§ RECORDED DATA
%%
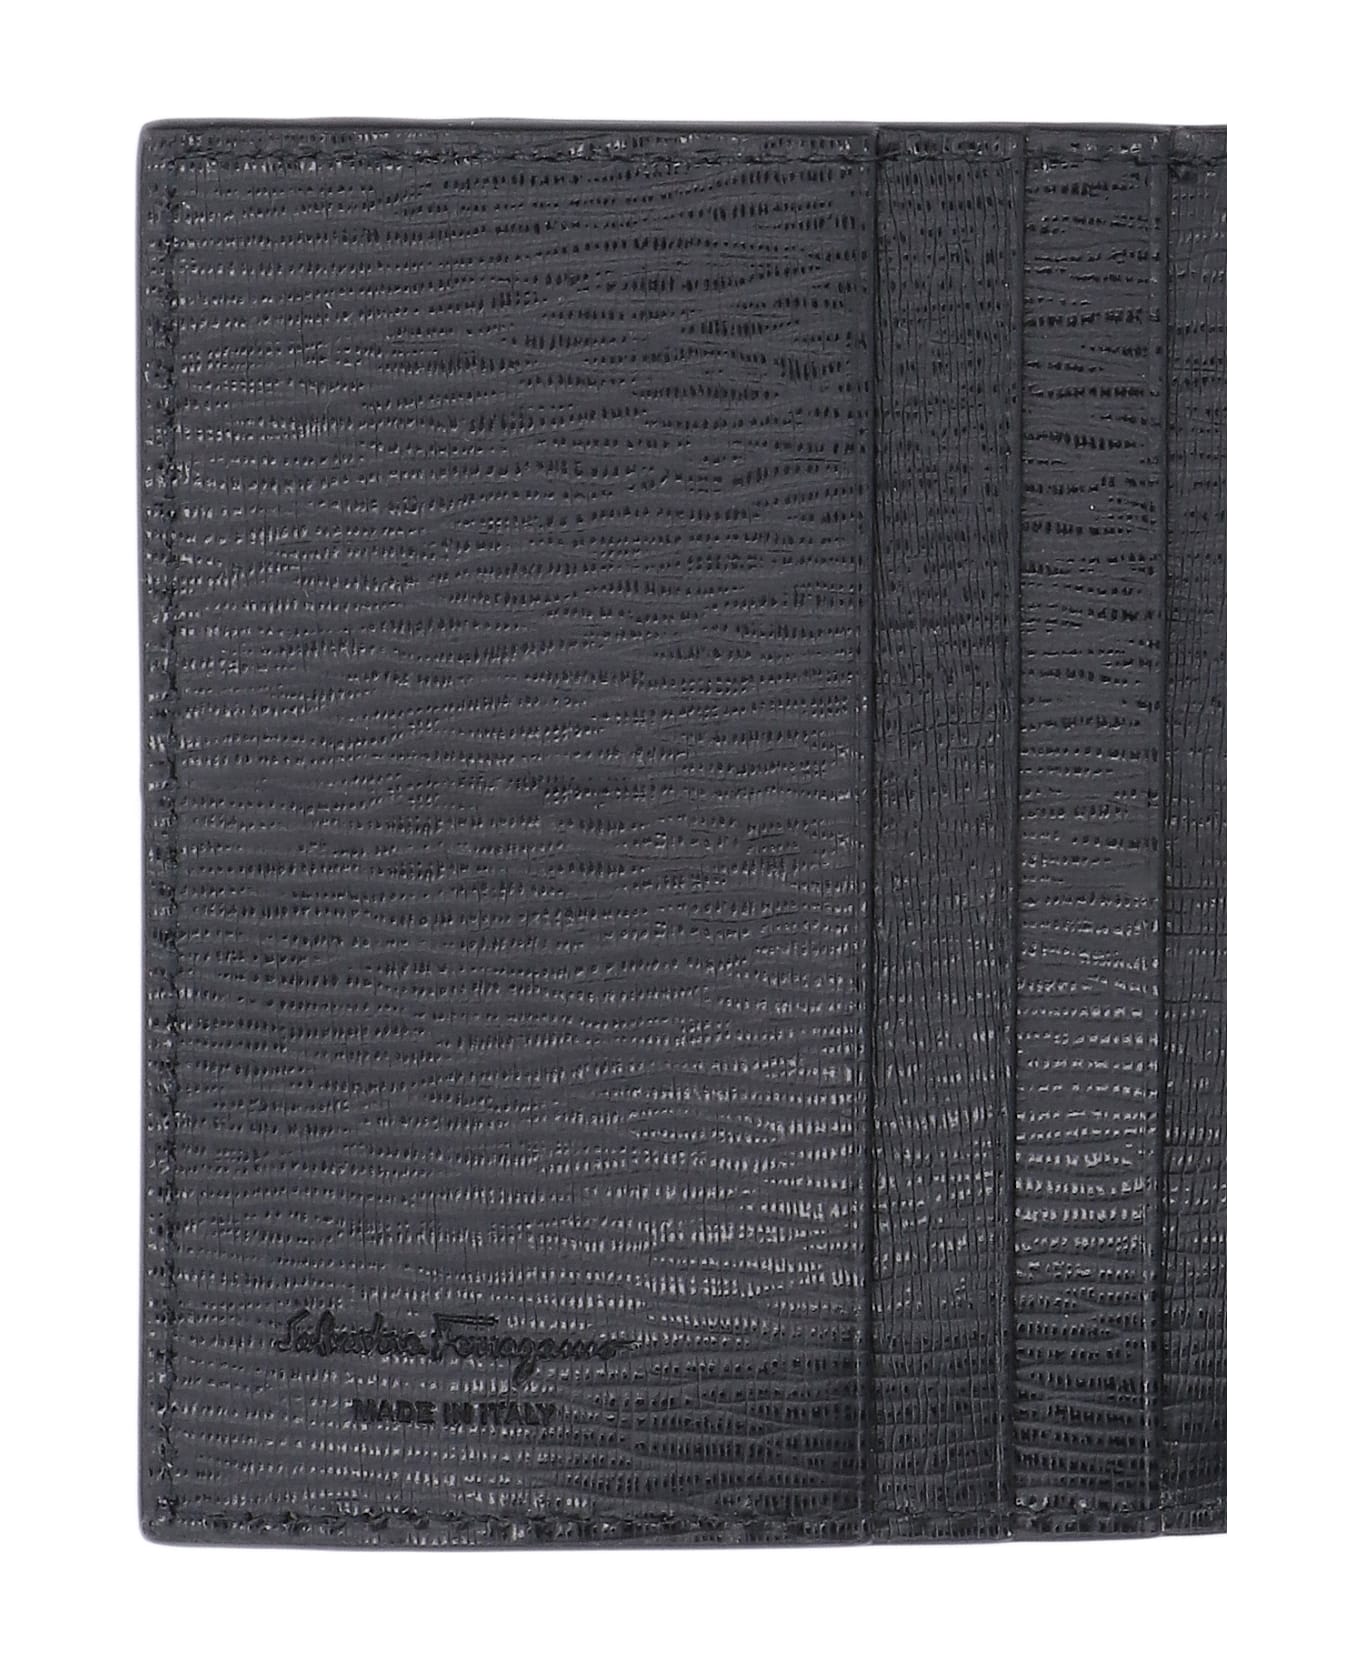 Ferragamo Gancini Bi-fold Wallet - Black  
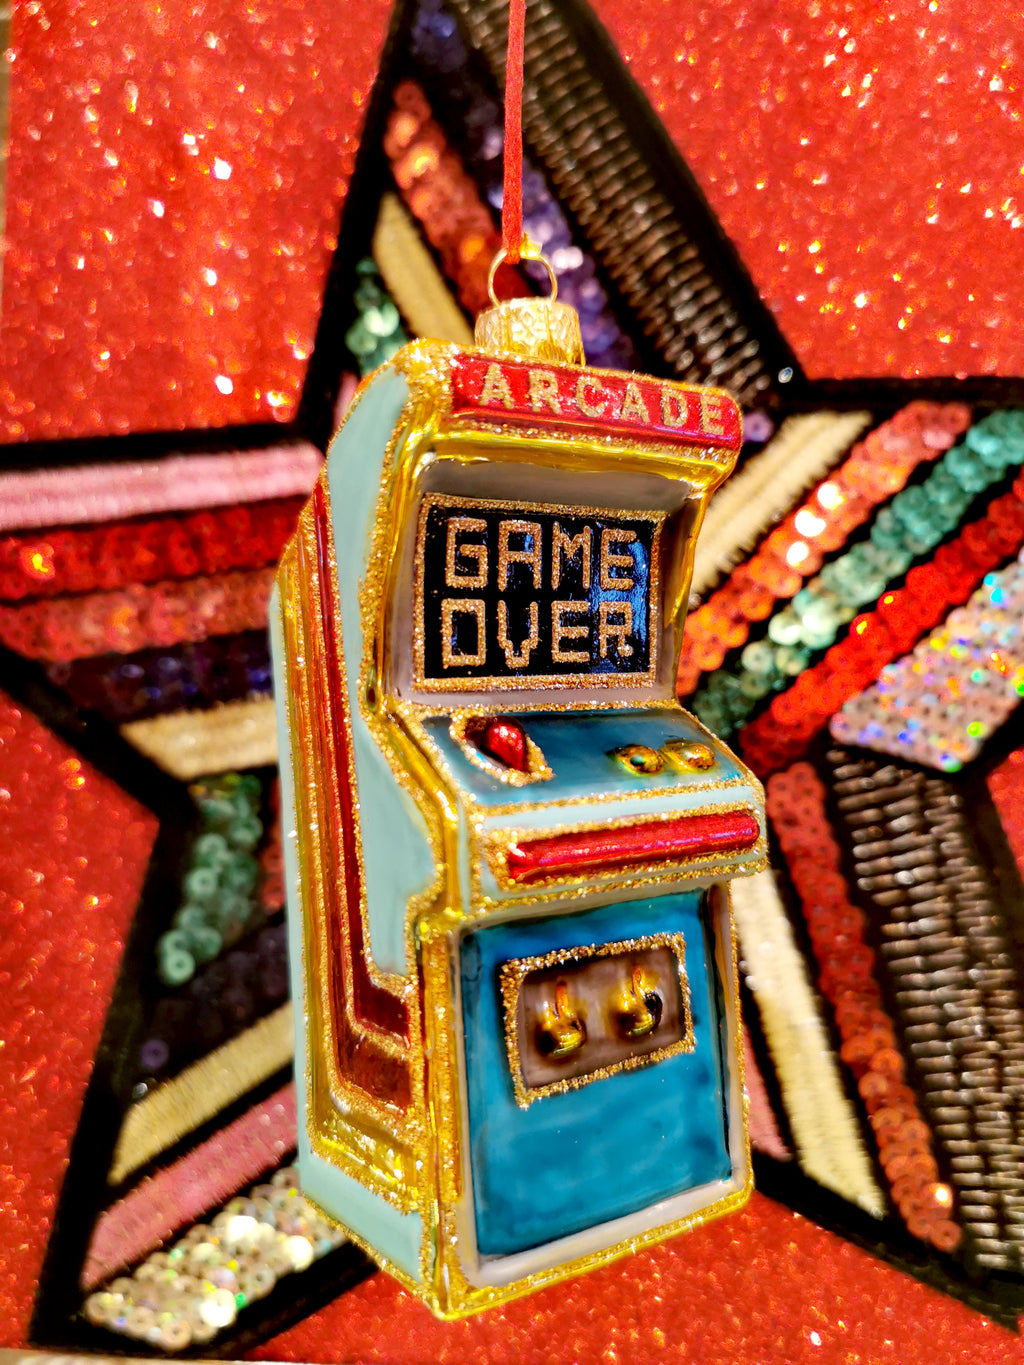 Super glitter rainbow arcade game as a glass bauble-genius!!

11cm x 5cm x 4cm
%%
§ PROBLEM TO WORK ON
Write out, with no pictures, only the lines from the line containing "Super glitter rainbow" through the last line of the listing above, exactly and with both ends included.

§ FINISHED EXERCISE
 Super glitter rainbow arcade game as a glass bauble-genius!!

11cm x 5cm x 4cm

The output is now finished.